Transmettre l'amour du chant ? Cris, éloquence et complaintes dans une famille ordinaire de Mongolie rurale

Type de publication  Journal Article
Auteur(s)  Legrain, L.
Titre de la revue  Terrain
Volume  55
Année  2010
Pages  54-71
Résumé  

Les voyageurs, chroniqueurs et chercheurs ont souvent souligné le lien affectif qui attache les Mongols au chant. Faut-il voir dans cet amour pour le chant un trait culturel pérenne ? Si c’est le cas, quels sont les processus qui président à sa transmission ? Dans cet article, je montre que la redécouverte et la reconstruction à chaque génération d’un amour pour le chant s’ancre dans des séquences de la vie quotidienne dans lesquelles les adultes attirent l’attention des enfants sur les potentialités de la voix humaine.
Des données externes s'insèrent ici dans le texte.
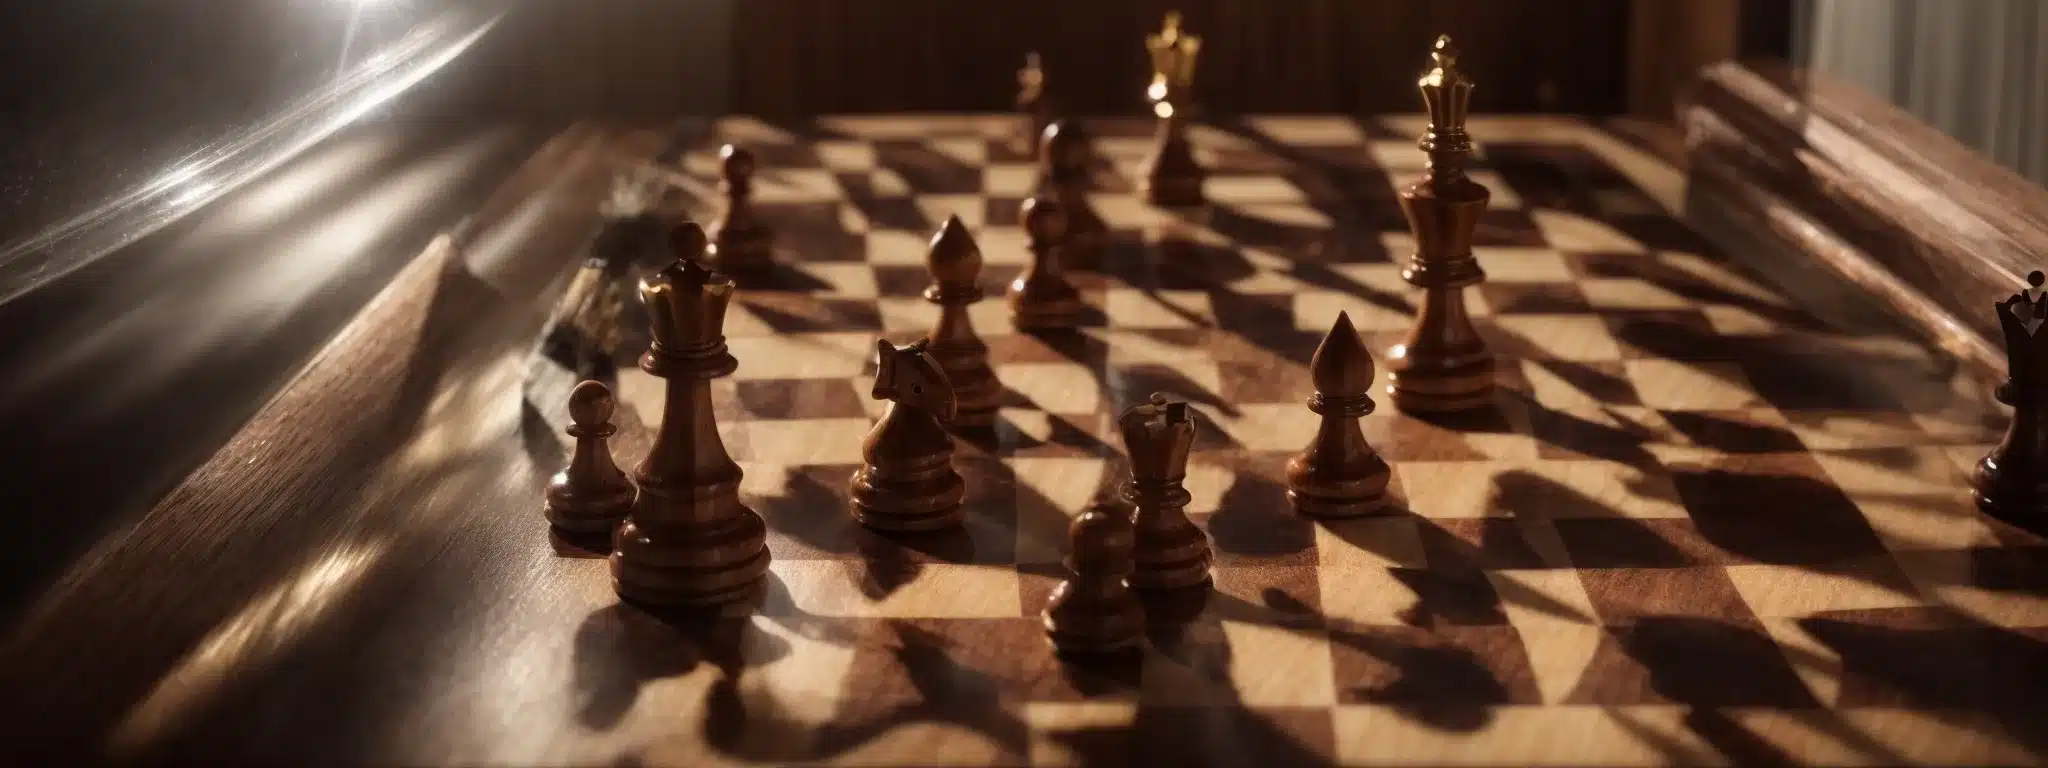 A Chessboard With Distinctively Carved Pieces Under A Spotlight, Symbolizing Strategic Competition.
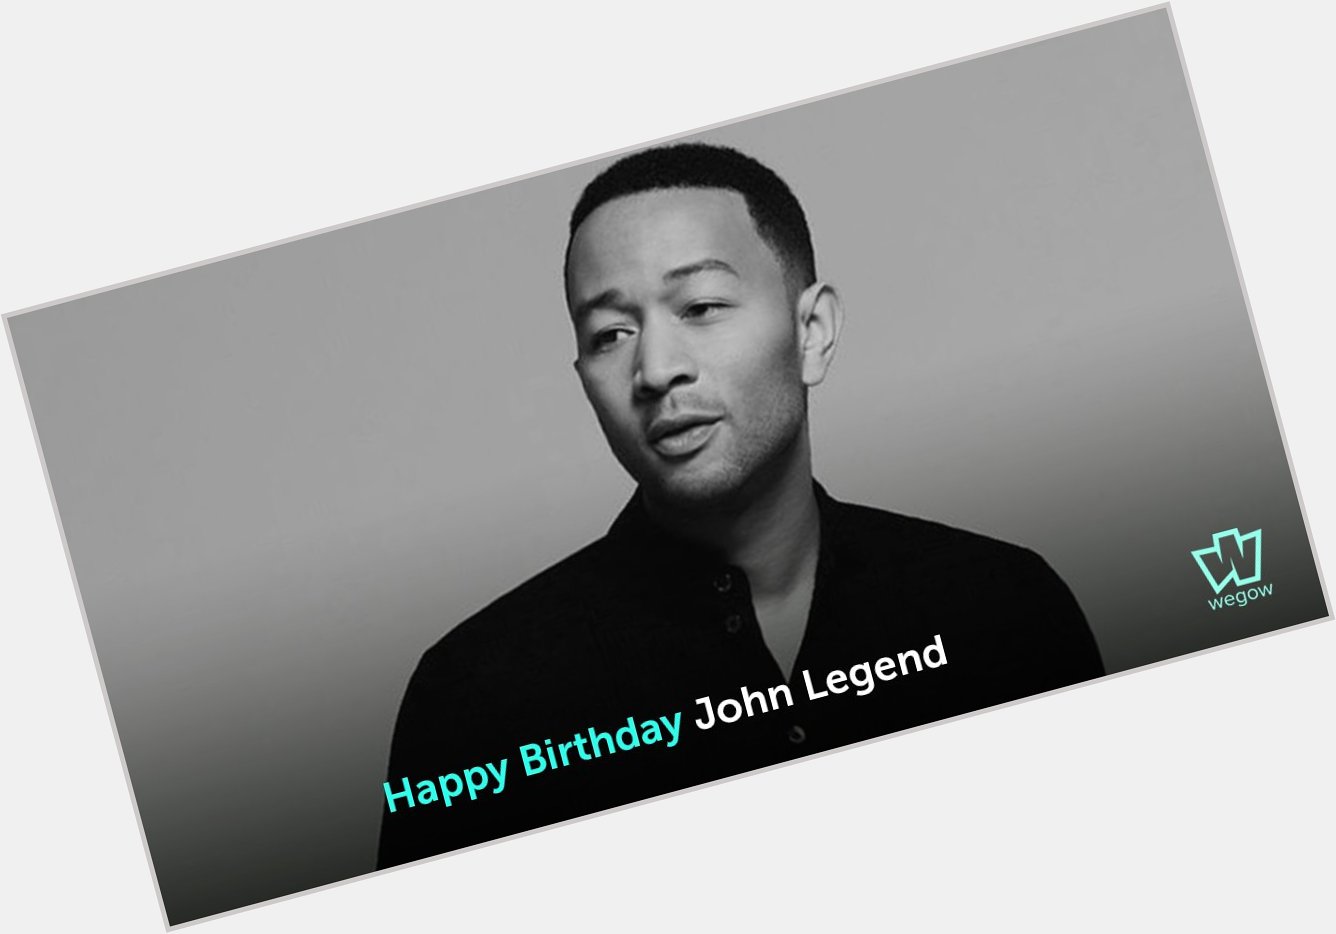 Happy birthday John Legend  . Follow the artist profile and nevew miss a gig again

M’appuyant sur les travaux de James J. Gibson et de Tim Ingold, l’» éducation de l’attention » est au centre de mes préoccupations. Cette approche propose une alternative à l’habituelle dichotomie existante entre éducation et appropriation. Elle me permet également de mettre l’accent sur les liens qui unissent le chant et une tonalité affective très présente dans les bassins ruraux de Mongolie.

Travelers, authors and scholars have often noted Mongolians’ love of singing. Is this an enduring cultural feature? If this is the case, how is it passed on from generation to generation?. In this paper I show how the rediscovery and reconstruction of the love of song by each new generation is anchored in sequences of daily life in which adults draw the attention of children to the potential of the human voice. I base my analysis on the work of James J. Gibson and Tim Ingold on the education of attention. Such an approach avoids the common opposition between education and imitation. It enables me to show the link that exists between song and the emotional coloring so characteristic of rural Mongolia.